Another type of newly developed randomized phase II design is the phase II/III design. A phase II/III design starts with a phase II component. Patients are randomized among several experimental arms or a standard-of-care arm versus one or more experimental arms. Experimental arms could be compared with the historical control or the standard-of-care control to select arms for entering the phase III component. The main advantage of this type of design is (1) the speed of transition from phase II to phase III and (2) the fact that data obtained from the phase II component could be applied toward the phase III comparison as long as the protocol treatment is not altered between phases.

Phase III Trials

It is generally recognized that judging the value of a new therapy by comparing it with historical data may give an erroneous impression of the therapy’s efficacy. Pocock18 related a number of illuminating examples of this phenomenon. Therefore the phase III trial, in which a new agent or modality is tested against an accepted standard treatment in a randomized comparison, is considered the most satisfactory method of establishing the value of the proposed treatment.

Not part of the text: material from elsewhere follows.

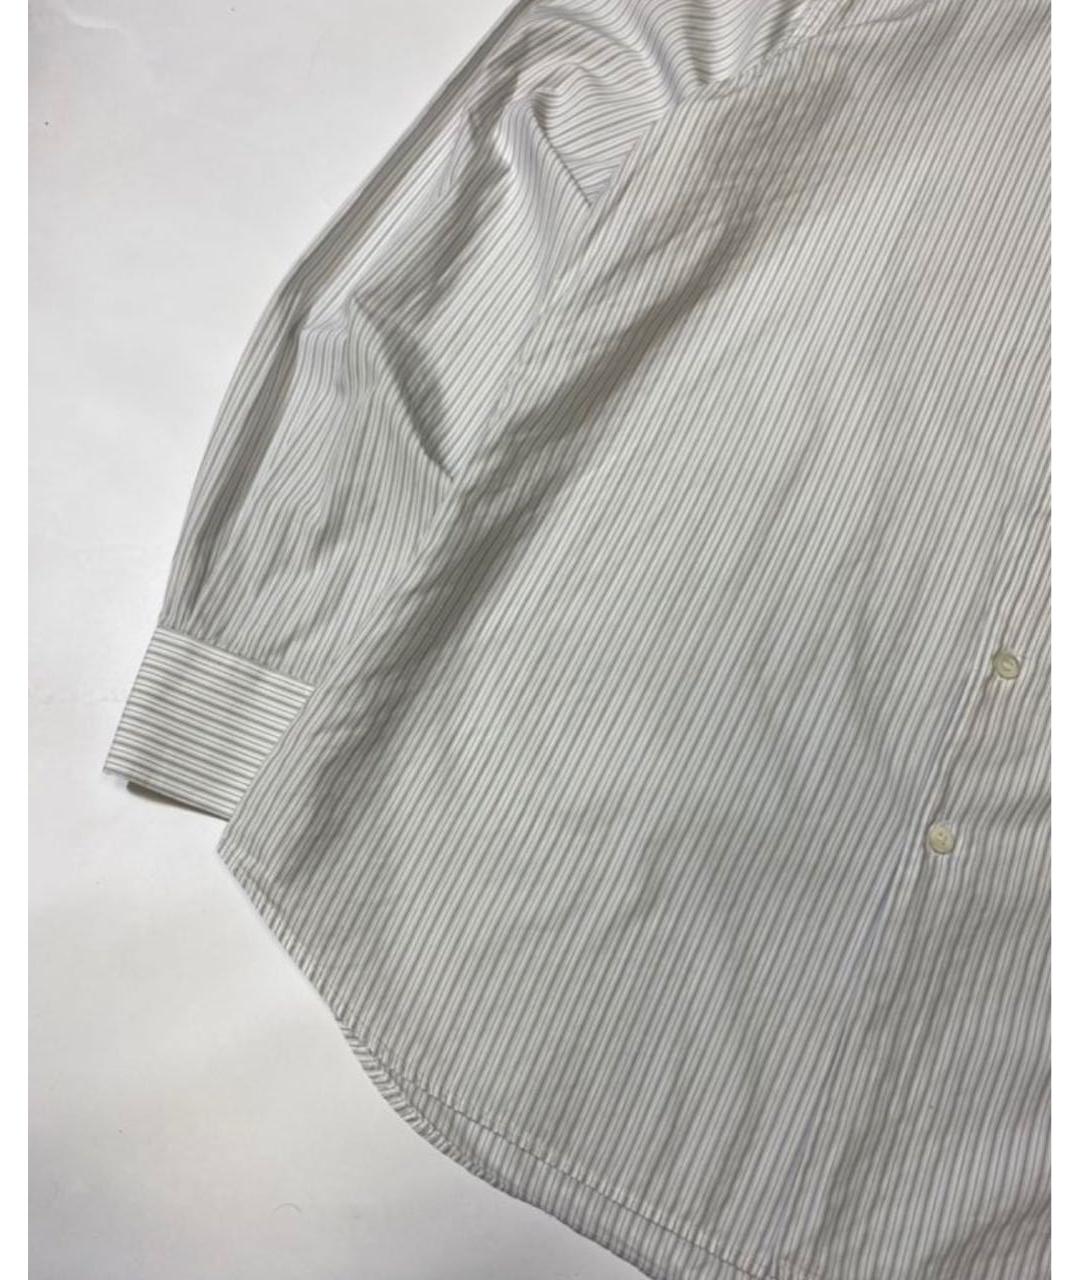 PRADA Белая хлопковая классическая рубашка, фото 4

Under most circumstances, the goal of a phase III trial is to determine whether the proposed treatment is superior to the standard treatment (superiority trial). Occasionally, the goal is to “show that the difference between the new and active control treatment is small, small enough to the known effectiveness of the active control to support the conclusion that the new test drug is also effective” (noninferiority trial).19 Because the goal of a phase III trial is to make a definitive conclusion regarding a new treatment’s efficacy, enough patients need to be accrued to guarantee a small probability of false-positive results (i.e., declaring that a regimen is effective when in fact it is not) and a large probability of true-positive results (i.e., declaring that a regimen is effective when in fact it is). The probability of false-positive results is also called the size of the study, which usually is limited to 5% or less. The probability of true-positive results is also called the power of the study, which usually is set at 80% to 95%. The primary end points for comparison are usually survival and PFS/DFS, and a common secondary end point is quality of life (QOL). In this section, we discuss the rationale for requiring randomized treatment assignment and stratification in a phase III trial. We introduce the intent to treat principle, and we emphasize the importance of monitoring in ongoing trials.